[kamikaze762x39]

Maybe this should have gone in citizen chemist... 

First off, I'm a total noob, but I have always been interested in chemistry.  I have been trying to understanding some of the concepts of fractional distillation and have been studying how azeotropes affect the boiling points of mixtures.  For some reason, I just can't seem to put into a concrete understanding of the results.

I made nitric acid by reacting potassium nitrate, copper, and HCL and bubbling it through 3% peroxide.  The resulting solution will bubble when copper is placed in it, but is too weak to etch silver, so I need to concentrate it.  I bought a 2000ml boiling flask, a fractionating column, thermometer, condenser, drip adapter, and collection flask. 

So I'm all set to go, and here is what I know about this process.  From what I read, I am expecting to get mostly water in the residue, with the distillate being more concentrated?  So HNO₃ boils at 83C and water boils at 100C.  But the azeotrope boils at 120.5C. 

So... HNO3, being the more volatile, should vaporize first, right?  I am assuming this is regardless of whether the azeotrope is negative or positive. 

I am also assuming that the temperature at the condenser neck should ramp up until it reaches 83C and hold close to that range until the less volatile compound starts to reach the top? 

Part of it I can't quite understand, though.  If I am liberating the more volatile compound, does this not mean that my residue is actually moving AWAY from the azeotrope?  And by this, I should be getting ideally a 68% concentration in the distillate... but by this, the boiling point should be 120.5C... at which I'm going to be getting a ton of water instead of the HNO₃...

So my understanding of this process is going in circles without actually adding up to an understanding.  Can someone shoot some holes in my explanation here and show me where where I am going wrong?  Thanks!

[Arkcon]

You've written a long missive of ifs and buts, and its hard to work with it quickly.  But leats try.

First of all, concentrated nitric is difficult to handle safely, and that's why its difficult to buy.  So if you can't buy it, you shouldn't have it.

I made nitric acid by reacting potassium nitrate, copper, and HCL and bubbling it through 3% peroxide.

I simply don't recognize this reaction.  Any nitrate reacts with any acid to make nitric acid.  The copper is weird, and the household peroxide is without meaning for me.

There's lots more in your posting, but I wanted to start with what's simple.

[kamikaze762x39]

Nurd Rage posted a video showing how to use this reaction.  No arguing with the results.  It produces copious amounts of nitrogen dioxide, which is pretty unmistakable.  I think nitric acid is formed in the solution from the nitrate salt, heat, and HCL.  The copper then reacts with it immediately to produce the gas.  As to why the hydrogen peroxide is better than water for reacting the gas, I am assuming it oxidizes the NO₂ more readily than the water. 

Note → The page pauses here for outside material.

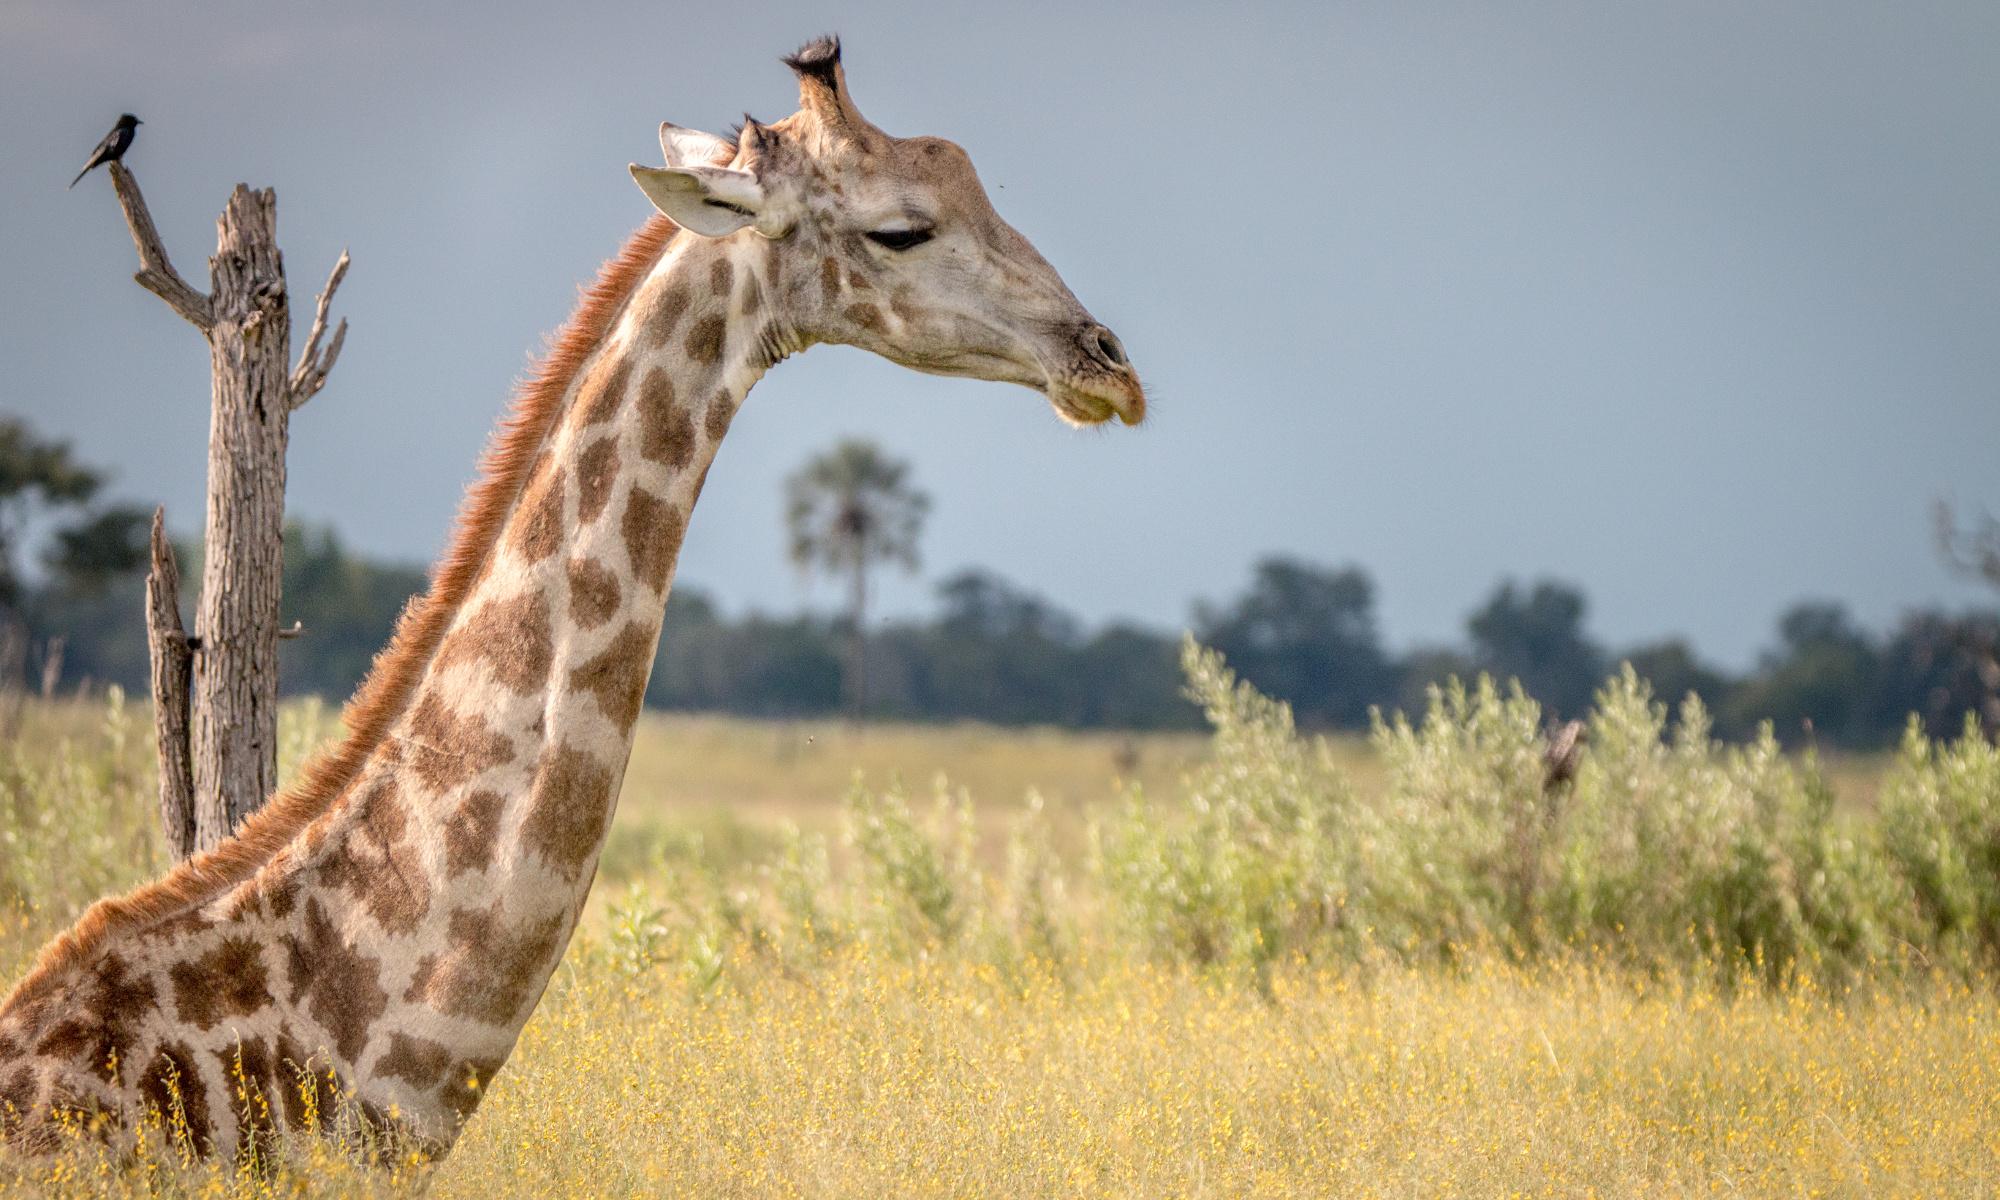 A Giraffe sitting in the grass in the Okavango Delta, Botswana.

And yes... Nitric acid is nasty stuff.  The dissolved NO₂ alone is deadly if inhaled, it can make gloves burst into flame, and all that assorted evilness.  Unfortunately, nothing else can dissolve copper or silver and buying it is expensive.  I do these reactions outside, upwind from the vapors, with water on hand and a sodium bicarbonate trap to catch any unreacted gas.

So... We could completely remove the nitric acid and still be left with the same question concerning negative and positive azeotropes, how to watch the boiling points, and why different concentrations of mixtures gravitate to and from the constant boiling mixture.

[Arkcon]

Well, returning to to nitric acid, good, you understand that nitrogen dioxide reacts with water to make nitric acid, and now you want to concentrate it.

How azeotropes form is  a complex idea, I don't really know it, it comes up here often, because it is confusing.  But as often as now, we get bad logic about an azeotrope could be broken.

[kamikaze762x39]

I'm not necessarily interested in how to break the azeotrope.  68% is just fine for my purposes.  I just don't fully understand the boiling points involved here.  I mean, supposedly we can't go any more concentrated than the azeotrope.  But in order to produce azeotropic HNO₃, it's vapor temp would have to be 120.5C or higher, else it would condense into a liquid mix, right?  But I'm still left with the idea that nitric acid vaporizes at 83C and would necessarily have to reach the top of the column before the water would.  These ideas seem to be contradictory.

Distillation involves pushing the more volatile chem to the distillate and leaving the less volatile chem in the residue.  That seems simple enough.  Consequence:  the more volatile chem reaches the top first, or rather the vapor will have a higher concentration of the more volatile chem. 

Well, that more volatile vapor won't be 100% nitric acid because there is an azeotrope involved.  And this azeotrope happens to boil at 120.5C... which means it wouldn't survive in vapor form... I just don't how it would ever work at all with these consequences.  I must have something wrong because it doesn't add up.

[kamikaze762x39]

This is why peroxide is better for the reaction...

3 NO₂ + H₂O → NO + 2 HNO₃

The NO left over from the reaction with water readily combines with excess oxygen to form more NO₂, which again reacts with the water.